One has to question why it is so difficult to find an honest analysis of the Taliban’s actions from the point of view of the Taliban themselves. To add insult to injury, the ease with which ordinary Muslims ‘issue’ fatwas, ruling the Taliban as ‘barbaric animals’ and ‘those whom we should wage jihad against’ is abhorrent. Subhan Allah! Not only are they those who have no knowledge concerning the reality on the ground, they do not have knowledge of the deen. The Shaykh of Islam, Ibn Taymiyyah (رحمه الله) said in his Al Fatawaa Al Kubraa [4/185], “In matters of jihad one should rely on the opinion of those who have a sound knowledge of religion and also experience of the world. Those ulema who do not delve deep into matters of religion and examine only the surface and those who have no experience of the world should not be consulted.” So, how can we have the audacity to issue fatwas when even ulema who have knowledge of one type and not the other, are not to be consulted? Who is better than those on the ground to understand what is really going on? Have we lost the capability to understand, let alone be at ease with, the views of those who America and her allies are not comfortable with, (even though they may be upon the haqq)?
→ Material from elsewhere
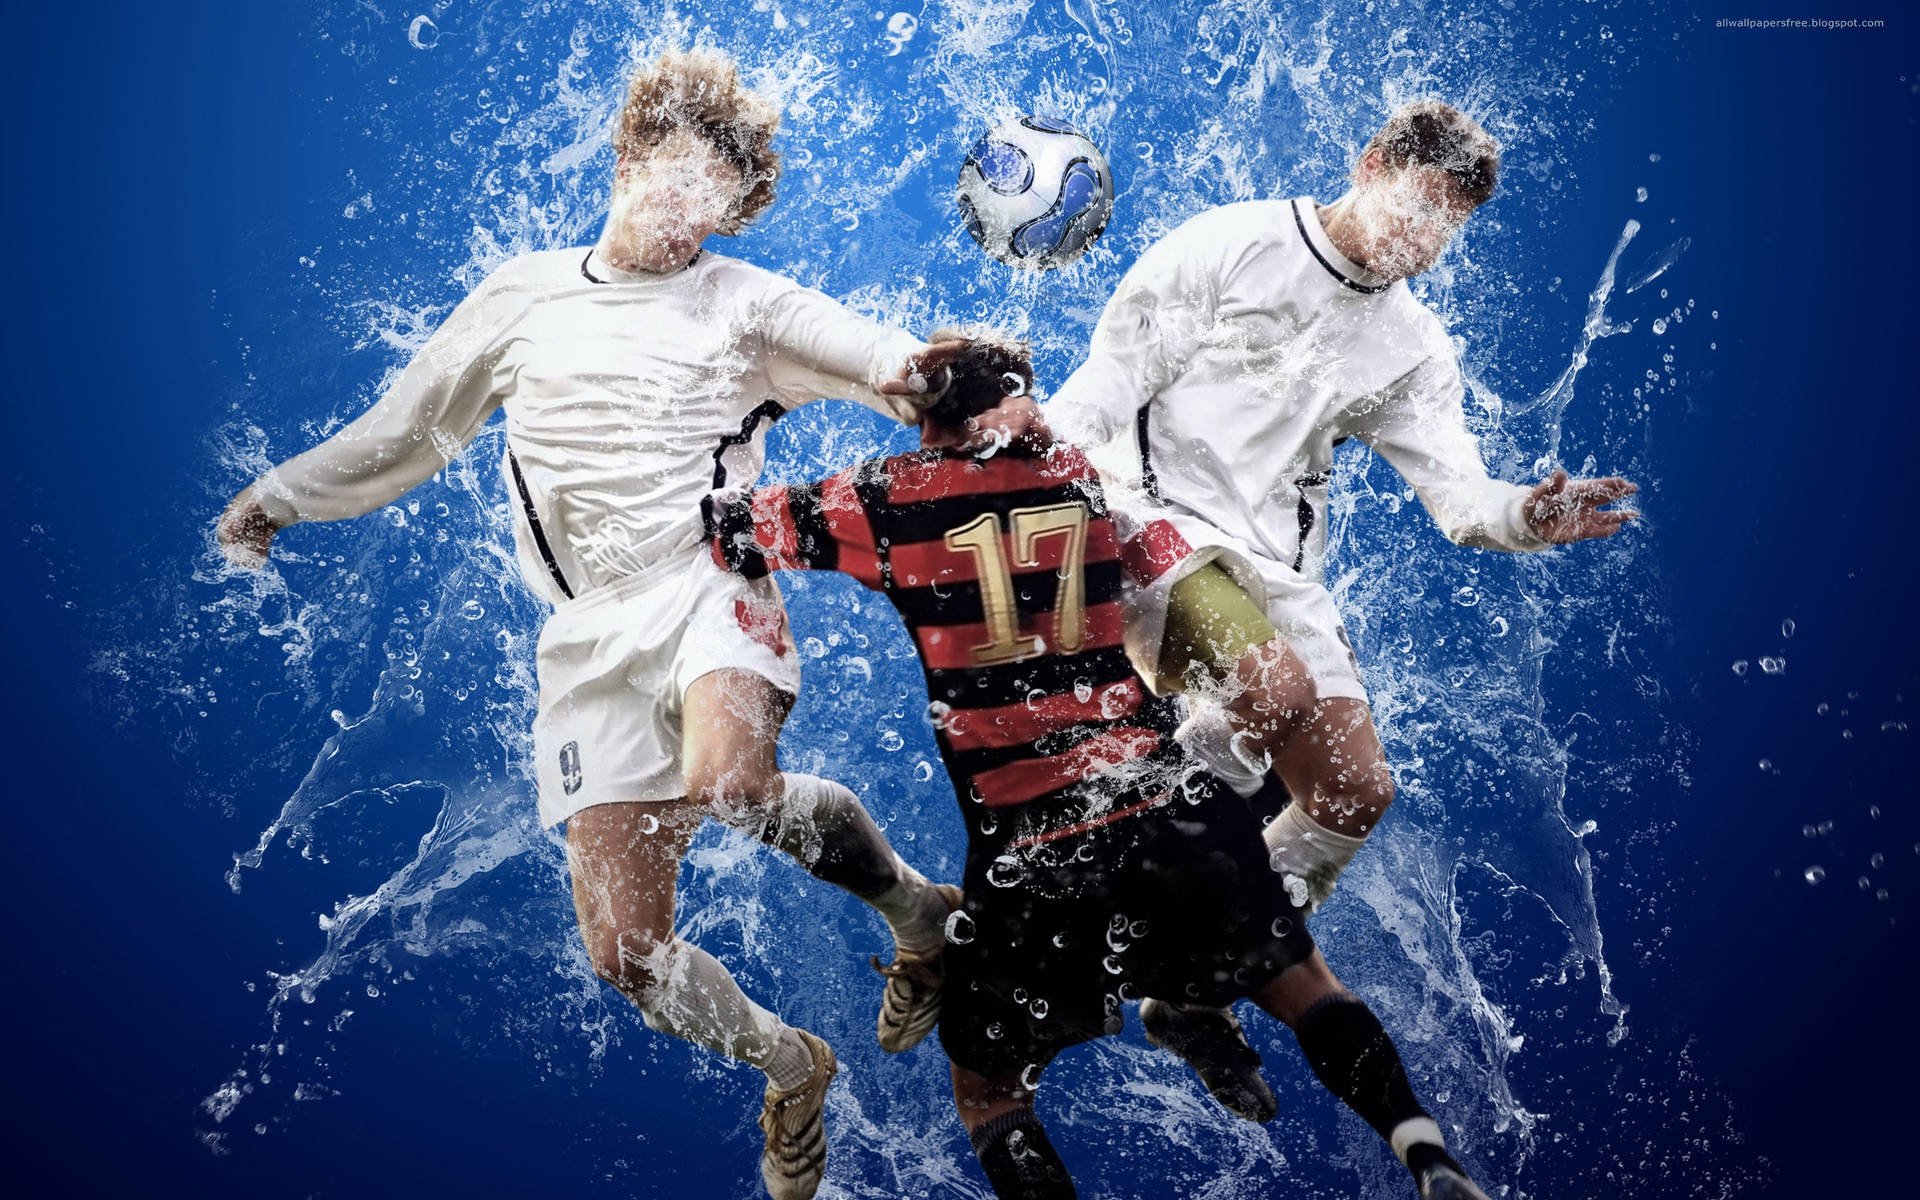 Cool Soccer Players Water Effect Wallpaper

Let’s take a look at what the Taliban have said. In an interview with Syed Saleem Shazad of Asia Times, Haji Muslim Khan (spokesman for Maulana Fazlullah and one of the senior commanders in the Swat Valley) was asked whether the movement is “against both men’s and women’s education” [3] to which he replied, “this is sad, that we are slaves in all sections of our society… Nobody is ready to sit with the Taliban and ask what they want from all this. The education system and the curriculum are both remnants of the British.”
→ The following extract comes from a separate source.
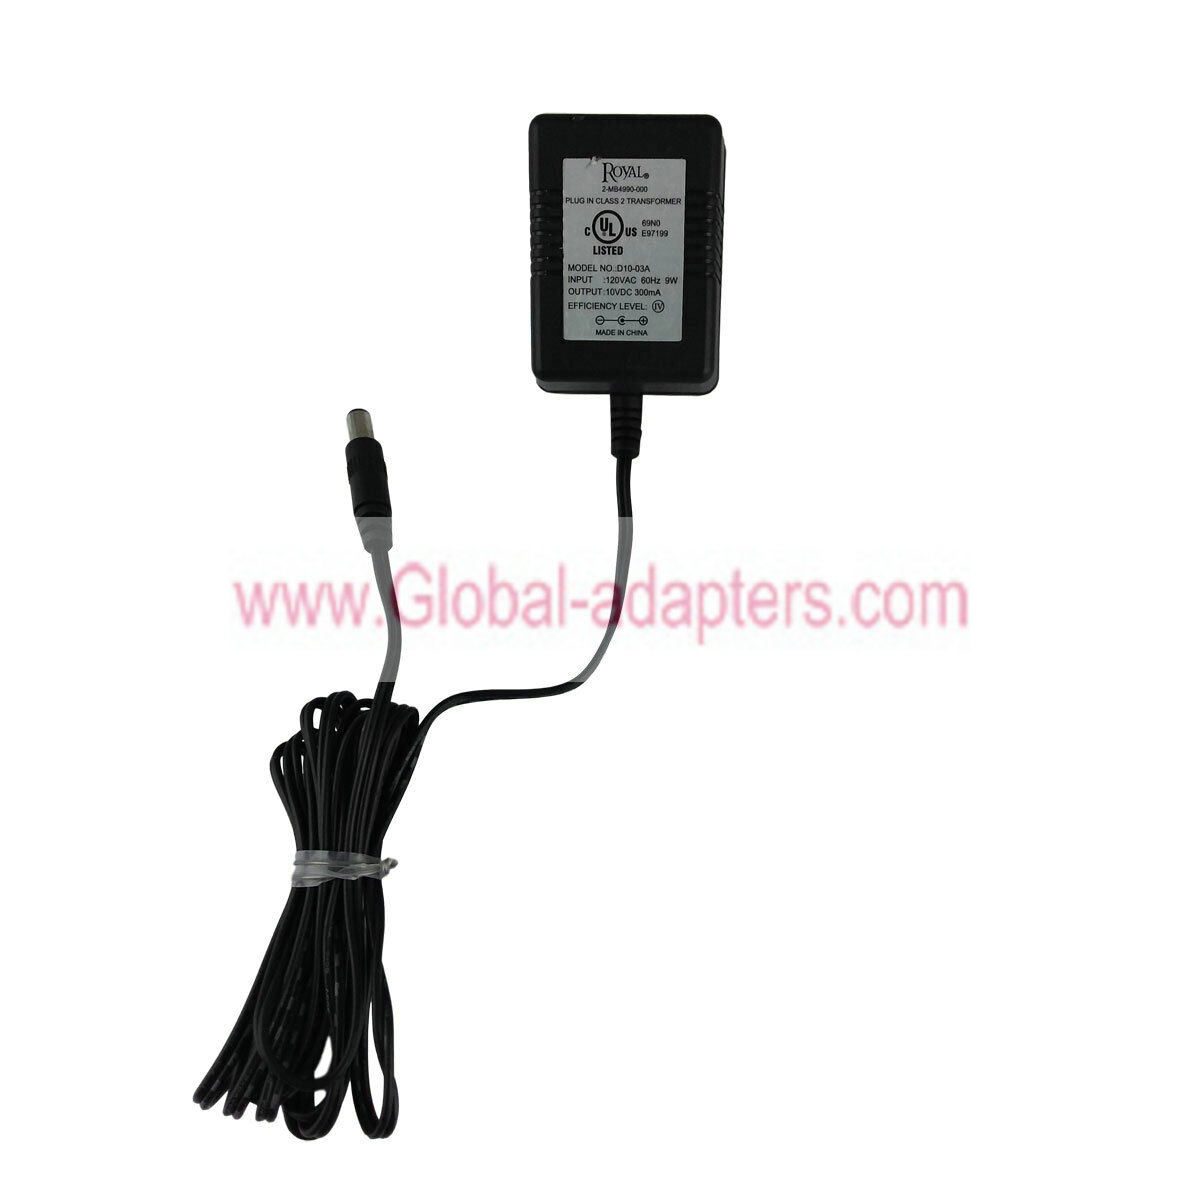 New Royal D10-03A Power Adapter 10V DC 300mA 2-MB4990-000 PLUG-IN CLASS 2 TRANSFORMER AC ADAPTER - Click Image to Close

Two important points are highlighted in this quote. Firstly, the average individual does not want to understand the Taliban’s point of view even though as the perpetrators of this act, they should be consulted first. Rather, we rush to form opinions that are favorable to our desires and intellect. Secondly, the curriculum’s being taught in the schools were based on a non-Islamic system. Why, when Allah سبحنه و تعالى has blessed us with a complete way of life, do we then need to resort to a system which either distorts the deen of Allah, or does not teach it, period? Any government when designing an education policy for its citizens ensures that the fruits of its policy are loyal subjects, who further the culture, religion, and values of the respective government using whatever resources are available. This is why Thomas Babington Macaulay, a British Minister of Parliament who was serving on the Supreme Council of India, (a British Colonial Institution), stated in 1835 in his infamous Minute on Indian Education:
“It is impossible for us, with our limited means, to attempt to educate the body of the people. We must at present do our best to form a class who may be interpreters between us and the millions whom we govern; a class of persons, Indian in blood and color, but English in taste, in opinions, in morals, and in intellect. To that class we may leave it to refine the vernacular dialects of the country, to enrich those dialects with terms of science borrowed from the Western nomenclature, and to render them by degrees fit vehicles for conveying knowledge to the great mass of the population.” [4]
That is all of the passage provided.